-
Notifications
You must be signed in to change notification settings - Fork 293
Description
Problem
GAIL and AIRL can be slow to train due to RL in the inner loop, which is both computationally expensive and can require many environment interactions. Behavioral cloning is supervised learning so is fast and does not need any environment interactions, however its peak performance in complex environments is often weaker than GAIL and AIRL.
Solution
Add an option to use BC to train a policy from the demonstrations, and then to fine-tune that policy using GAIL/AIRL with the same set of demonstrations. This option was supported in the Stable Baselines v2 implementation of GAIL, for example.
This may not always help. If BC learns a bad policy, we could get stuck in a local minima. For AIRL the resulting reward function might also be more fragile as the transition distribution seen during training will be more limited (for GAIL the discriminator could be more fragile as well but it was never intended to be reused).
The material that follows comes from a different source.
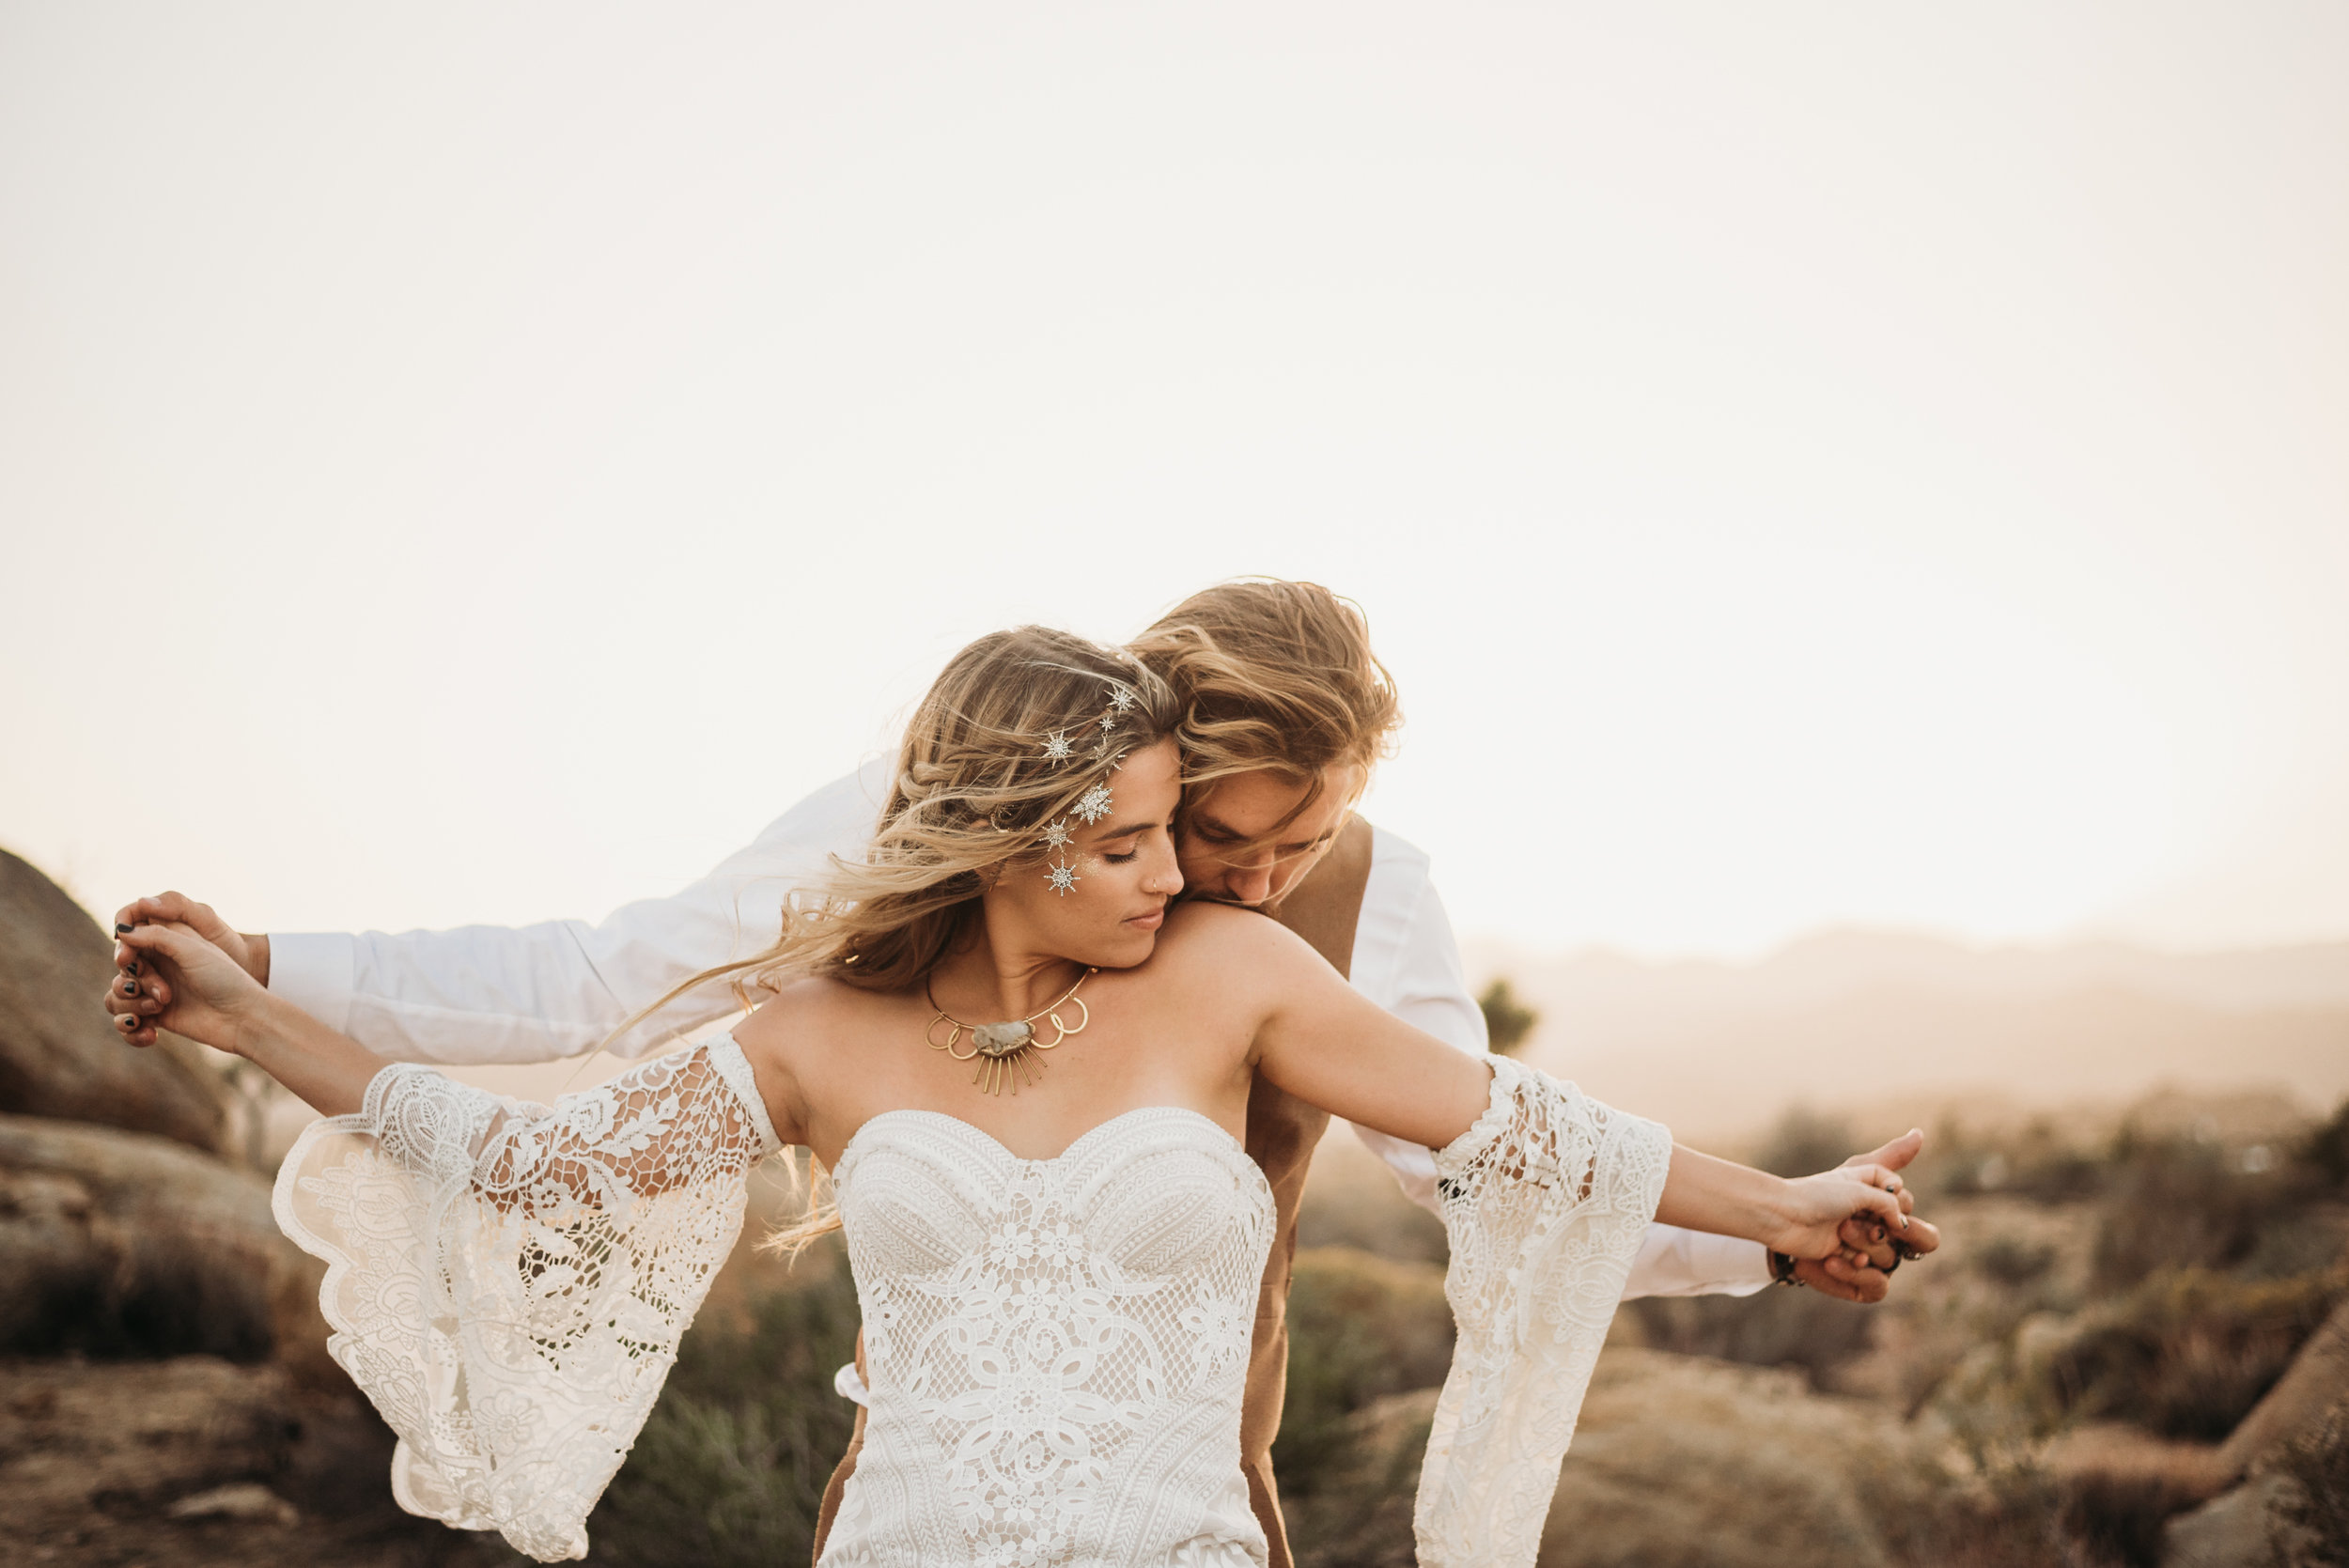 FortSt.John_photographer_TyraEPhotography_Wedding_Couple_Family_Photograhy_DawsonCreek_Elopement_Bride_Boduoir_Portraits-8633.jpg

We already have a BC implementation, so I think this should probably be a feature added to the train_imitation script rather than the algorithm itself, although if it ends up being an involved implementation adding a helper method could be appropriate so that people directly using the Python API can also benefit from this.
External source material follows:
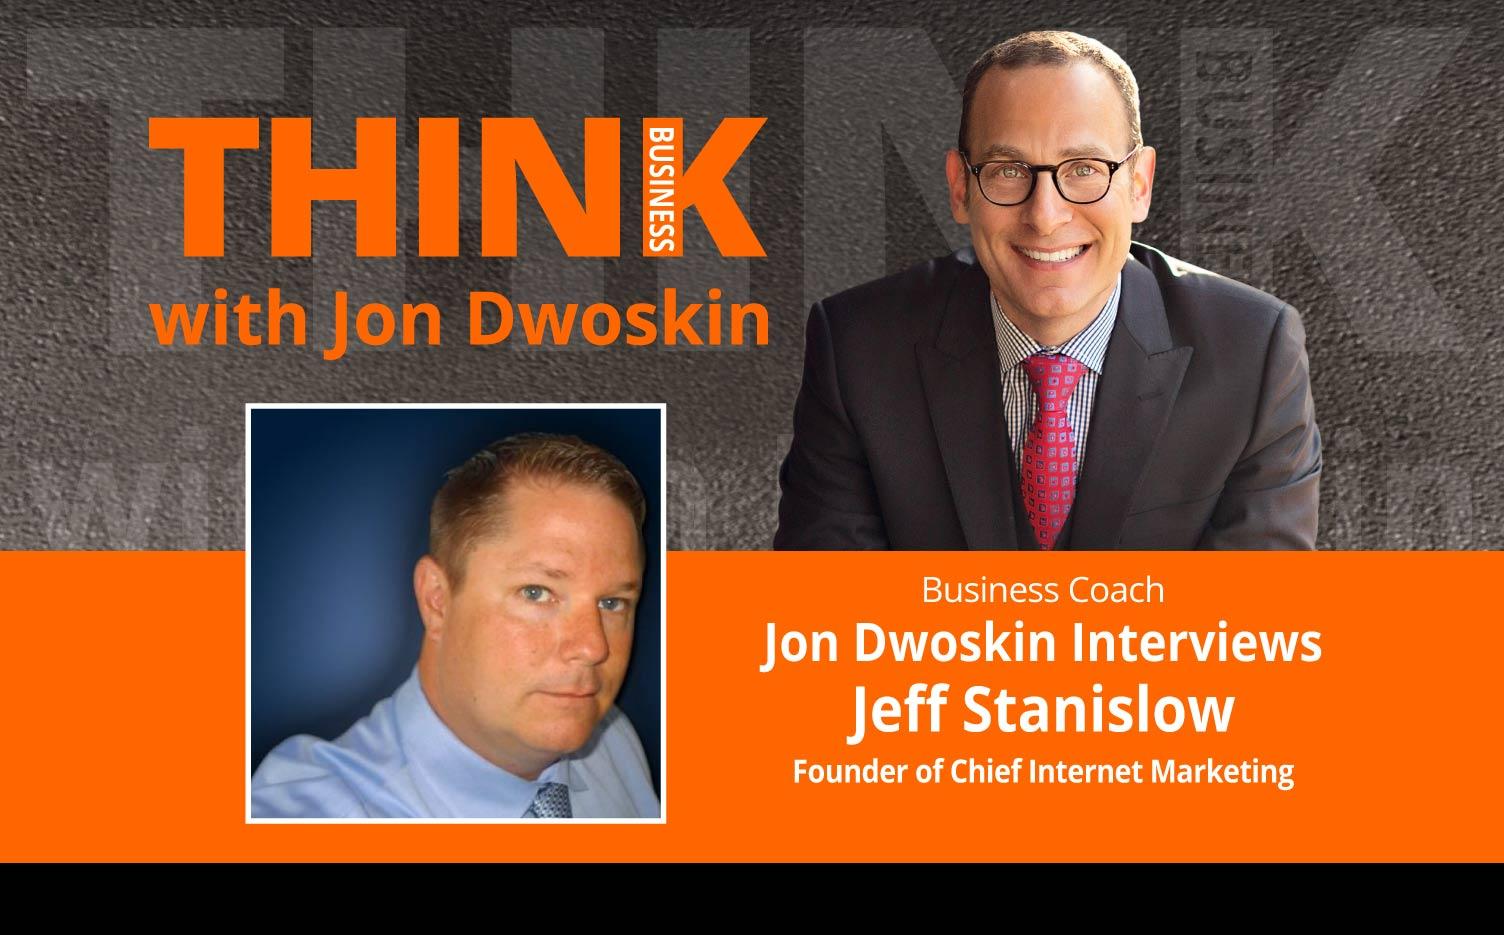 THINK Business: Jon Dwoskin Interviews Jeff Stanislow, Founder of Chief Internet Marketing

Possible alternative solutions
We could potentially make this supported more widely, even for algorithms that don't learn from demonstrations like the preference_comparisons module, in case users have both demonstrations and preference comparisons and want to learn from both (a setting that has been studied in e.g. Ibarz et al, 2018). I don't think it's worth us going out of our way to support this, but if it factors out nicely (e.g. some extra Sacred ingredient to warm-start the policy) it could be worth adding.